While it was supposed to sound and feel "like a machine gun hitting your chest and ear drums," the sound engineers told us the volume level was more akin to that of a DJ's set.

It was supposed to be louder? Dear God... Nonetheless, ATR put on a strong set, and the crowd, including Houston's own Fat Tony and B L A C K I E, ate it up.

When we first walked in, all of about 25 people were inside the former Warsaw, and up until ATR took the stage, we found ourselves wondering if everyone had instead chosen to attend the first Whiskey Wednesday at the new Fitzgerald's. Or maybe it's because the cover charge for the evening was $25, which must have lost a few would-be concertgoers at the door.

Balaclavas opened the show with moody, almost demonic-sounding noise. We weren't quite sure what we were listening to, but we knew we liked it and were happy we came to the show early. Unfortunately, almost no one was there to enjoy the set.

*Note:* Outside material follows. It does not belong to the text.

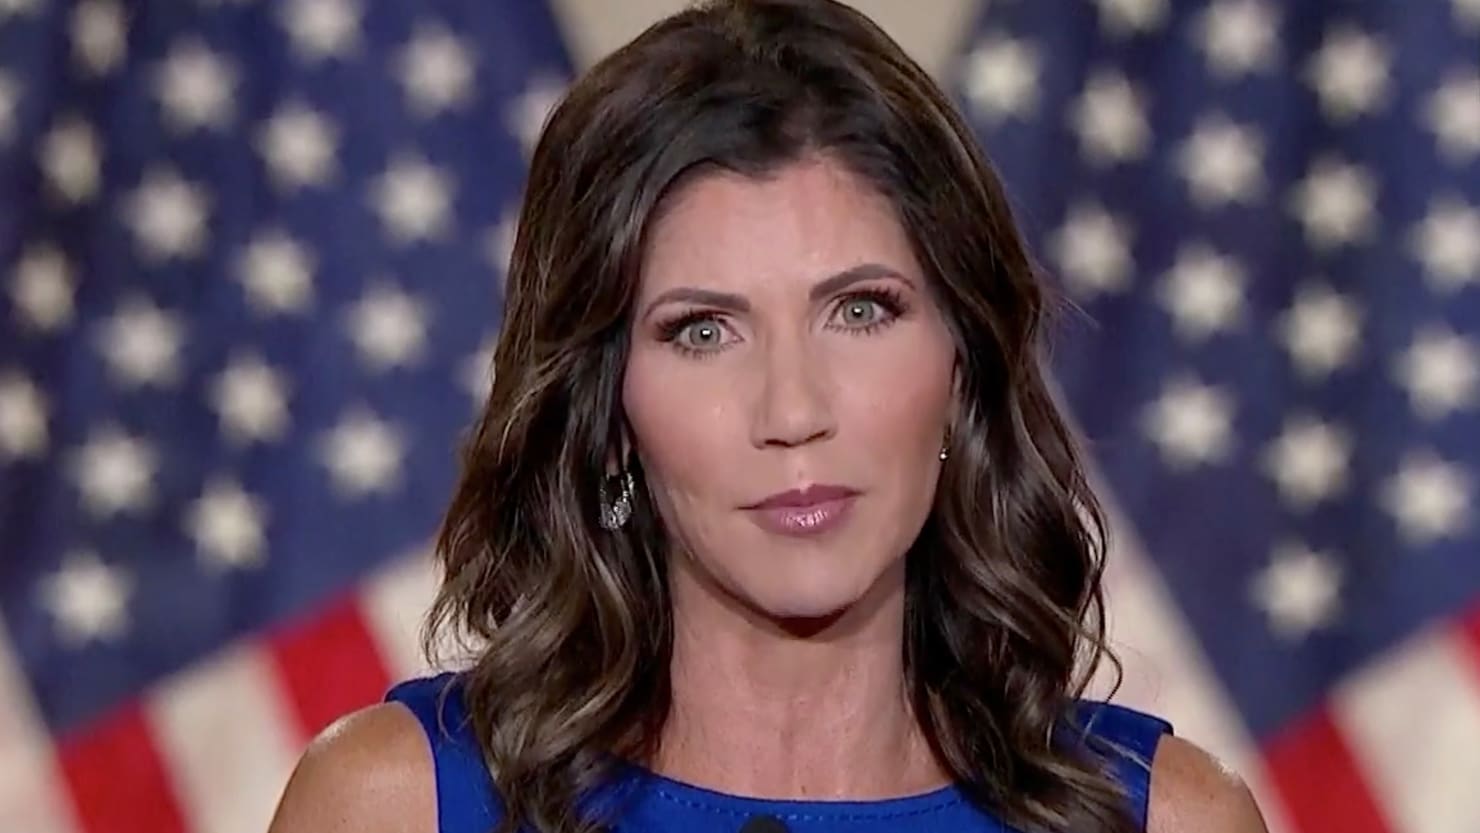 Noem Tries to Get ‘Politically Incorrect’ Cred From Killing a Dog

This was the same story for Weird Party, whose set was a bit livelier but just as underappreciated. Black Congress vocalist Bryan Jackson was all smiles before the show, stoked to be opening for ATR. A fan of the band's found it fitting that BC open, because he felt that they would get the crowd pumped for what was to come.

Black Congress took the stage and got the crowd going, but was adamant that no one buy their music. Jackson may have been all smiles offstage, but once he took hold of the microphone he became a different, darker, angrier person.

We weren't (and still aren't) sure if this was an onstage performance or if he was upset with the crowd's response to his band's music, but not knowing is half the fun. Maybe we'll ask one day.

All of these bands play a type of music that's probably better left unexplained. It's all experimental in its own way, and we can appreciate musicians who think outside the box. We hope that more Houstonians come to as well.

Personal Bias: From what we hear, all this music sounds like Nine Inch Nails meets The Prodigy meets angry, angry Houstonians. So yeah, we dig it.

Overheard in the crowd: "These bands suck. Why did we come here?"

Random Notebook Dump: If we continue covering live music, we need to invest in earplugs. A lot of them. We don't want to be deaf by 30.